● TASK PROMPT
Output only the lines below from the one holding "Infographic: Tùng Dương." down to the one holding "Juan de Mariana", both end lines included and every picture dropped.

● DATA FOR REVIEW
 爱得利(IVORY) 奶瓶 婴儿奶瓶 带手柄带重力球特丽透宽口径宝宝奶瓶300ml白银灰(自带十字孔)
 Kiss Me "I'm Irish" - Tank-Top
* * *
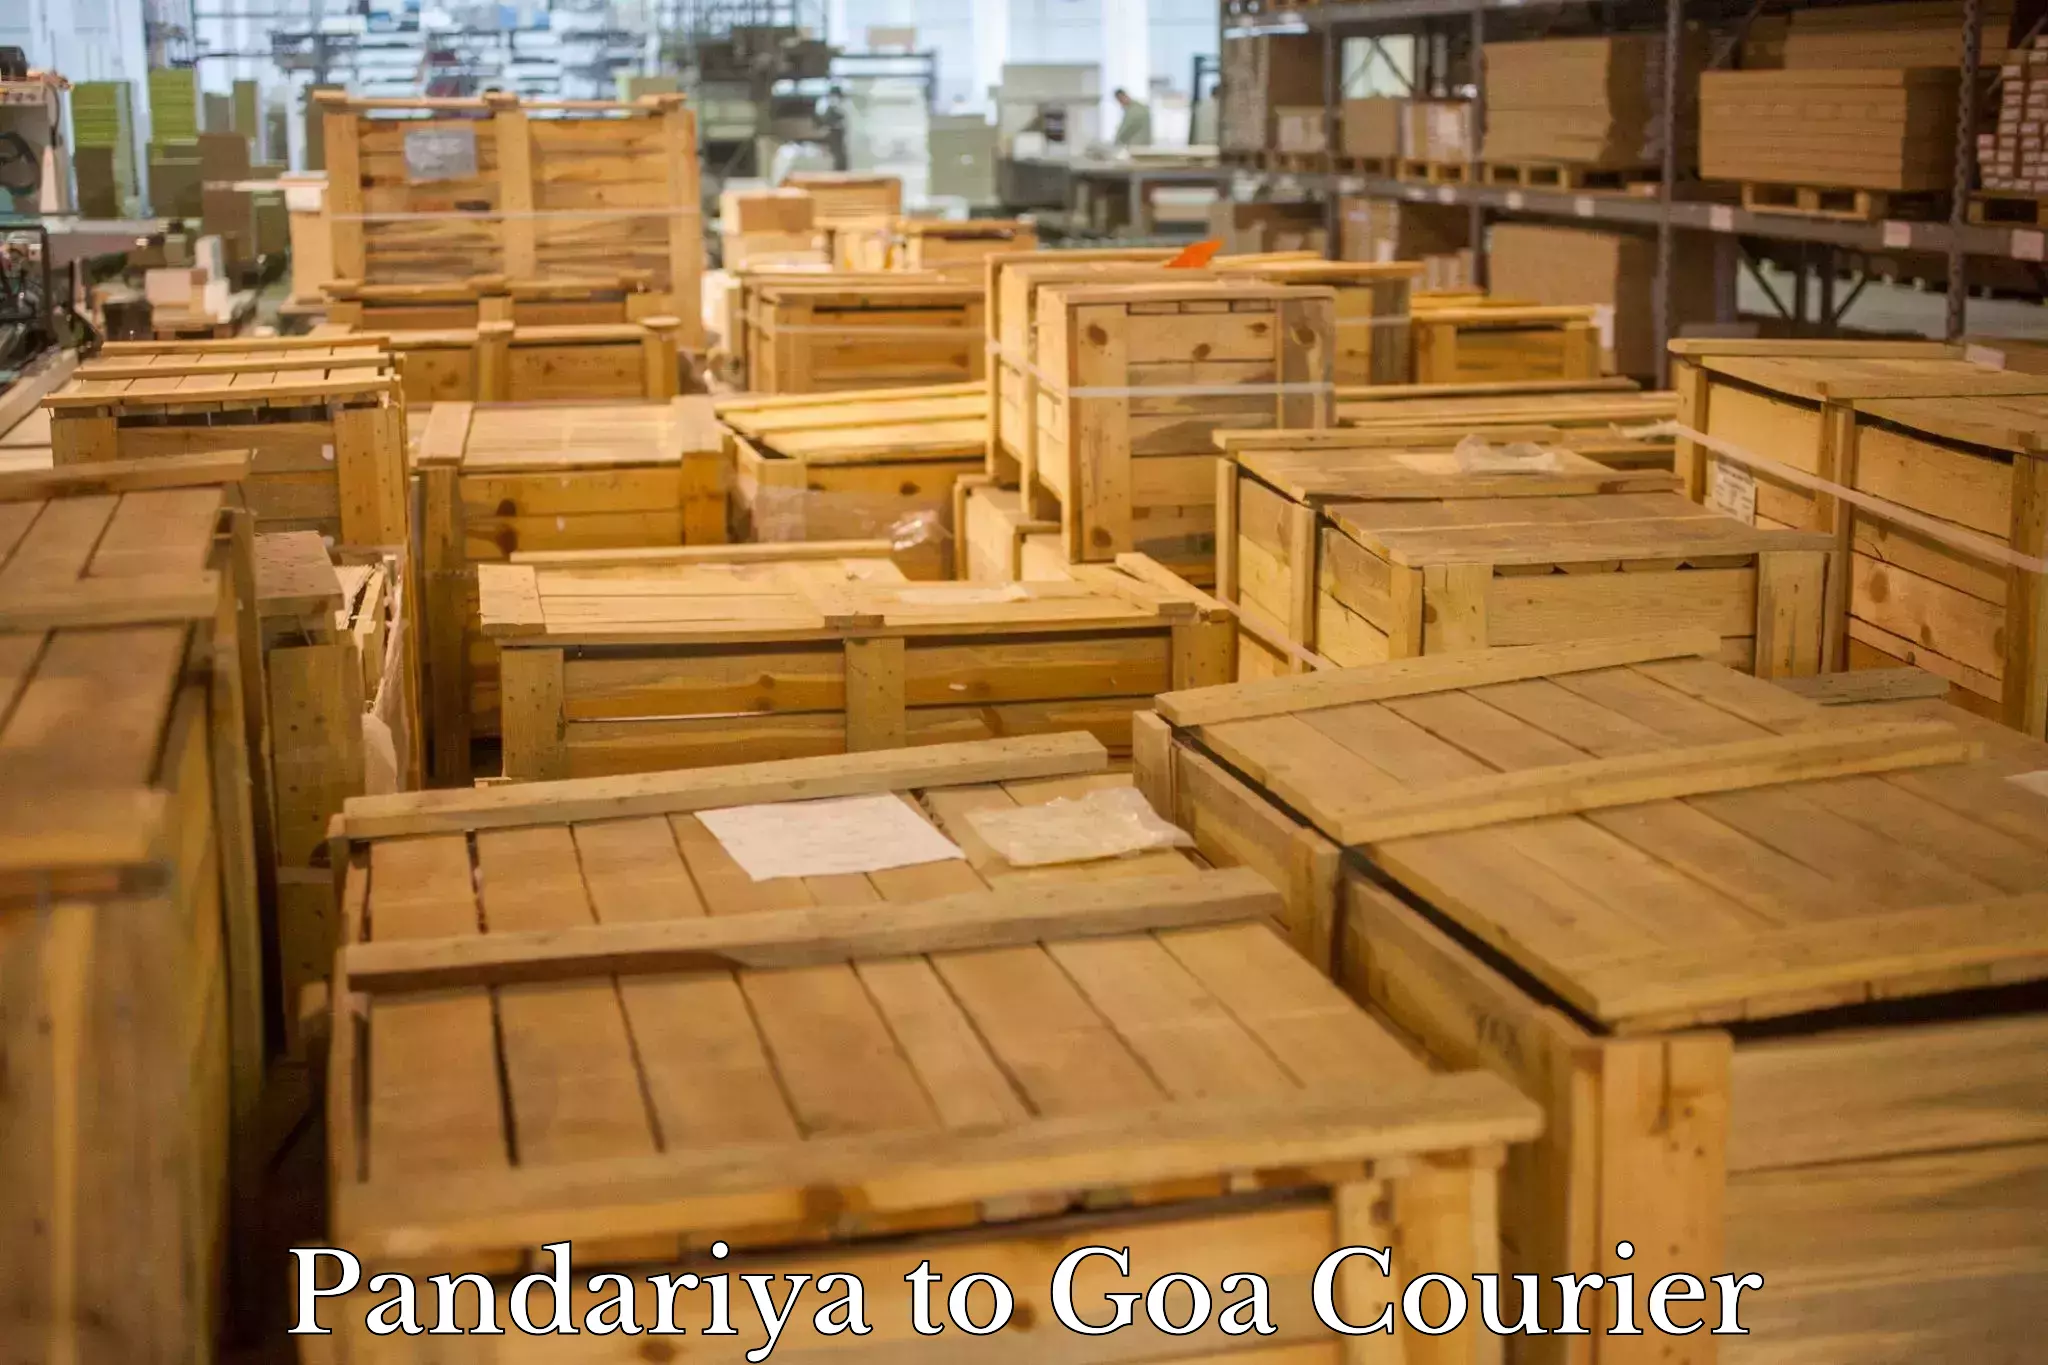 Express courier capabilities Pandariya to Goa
* * *
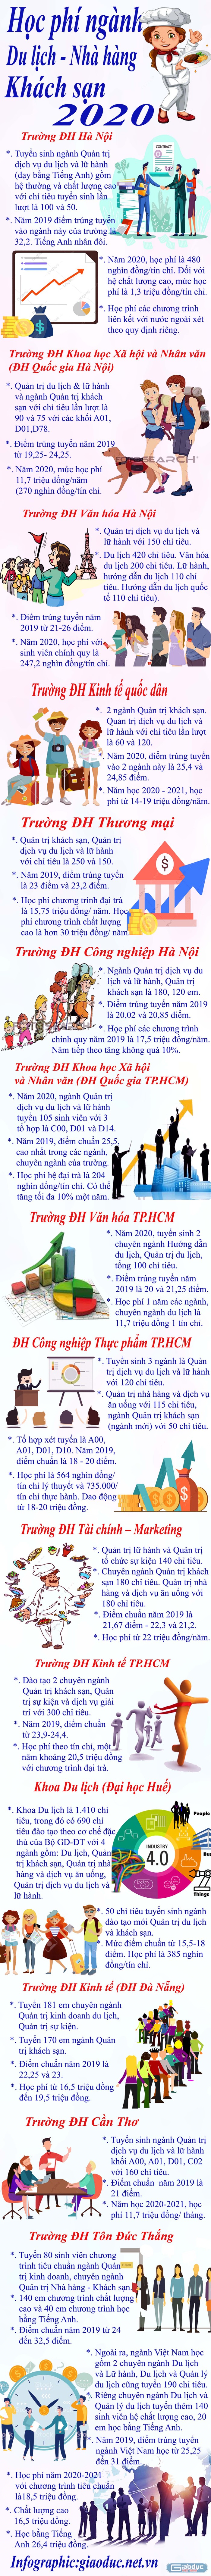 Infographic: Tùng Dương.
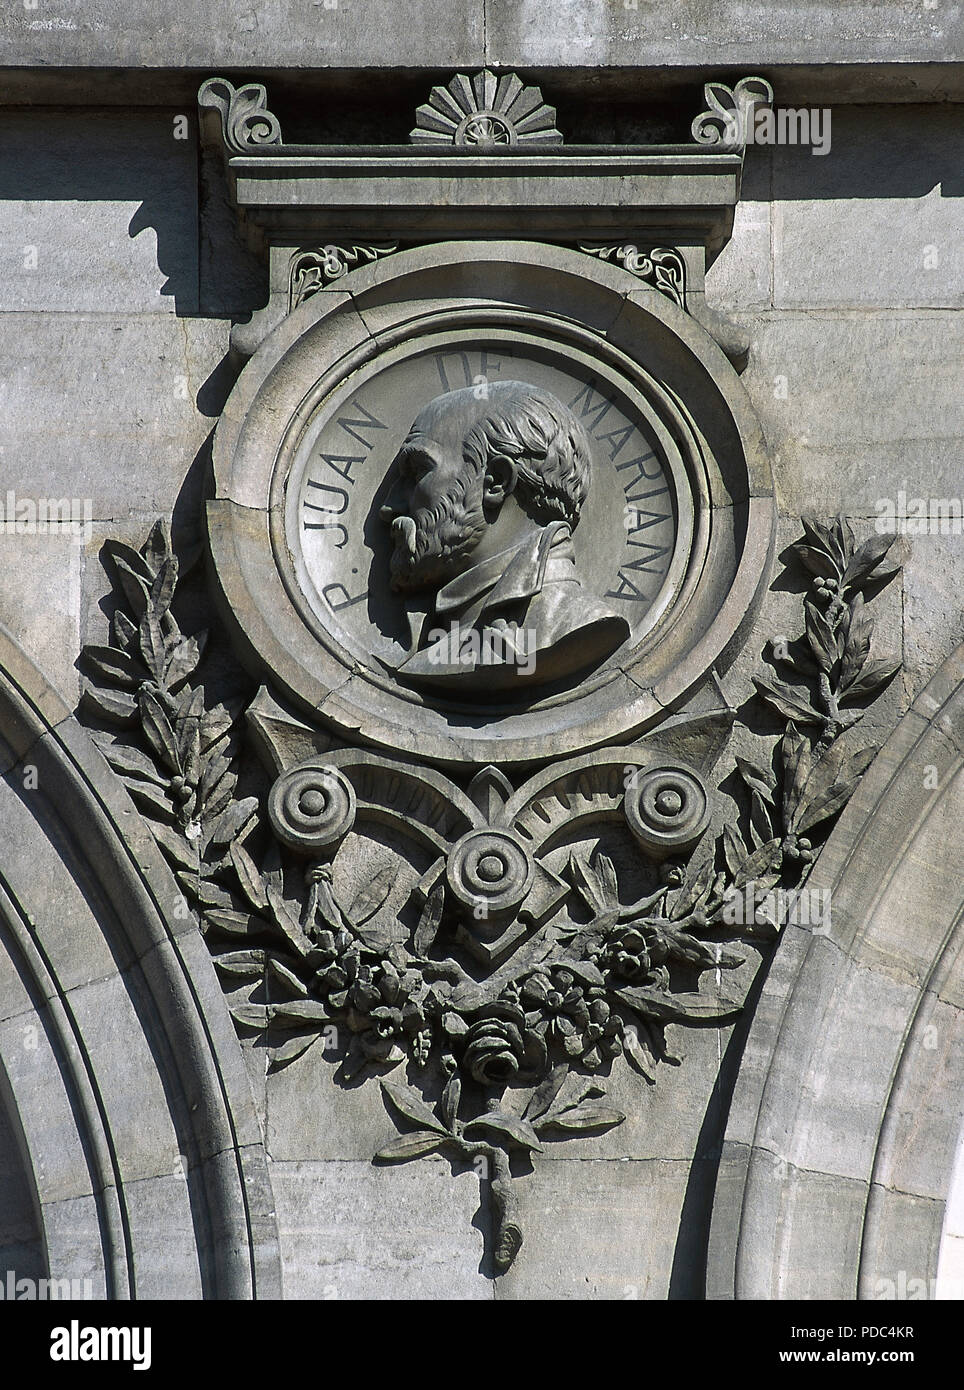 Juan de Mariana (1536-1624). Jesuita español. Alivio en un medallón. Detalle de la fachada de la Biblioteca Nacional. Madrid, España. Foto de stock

● FINISHED EXERCISE
 Infographic: Tùng Dương.
 Juan de Mariana (1536-1624). Jesuita español. Alivio en un medallón. Detalle de la fachada de la Biblioteca Nacional. Madrid, España. Foto de stock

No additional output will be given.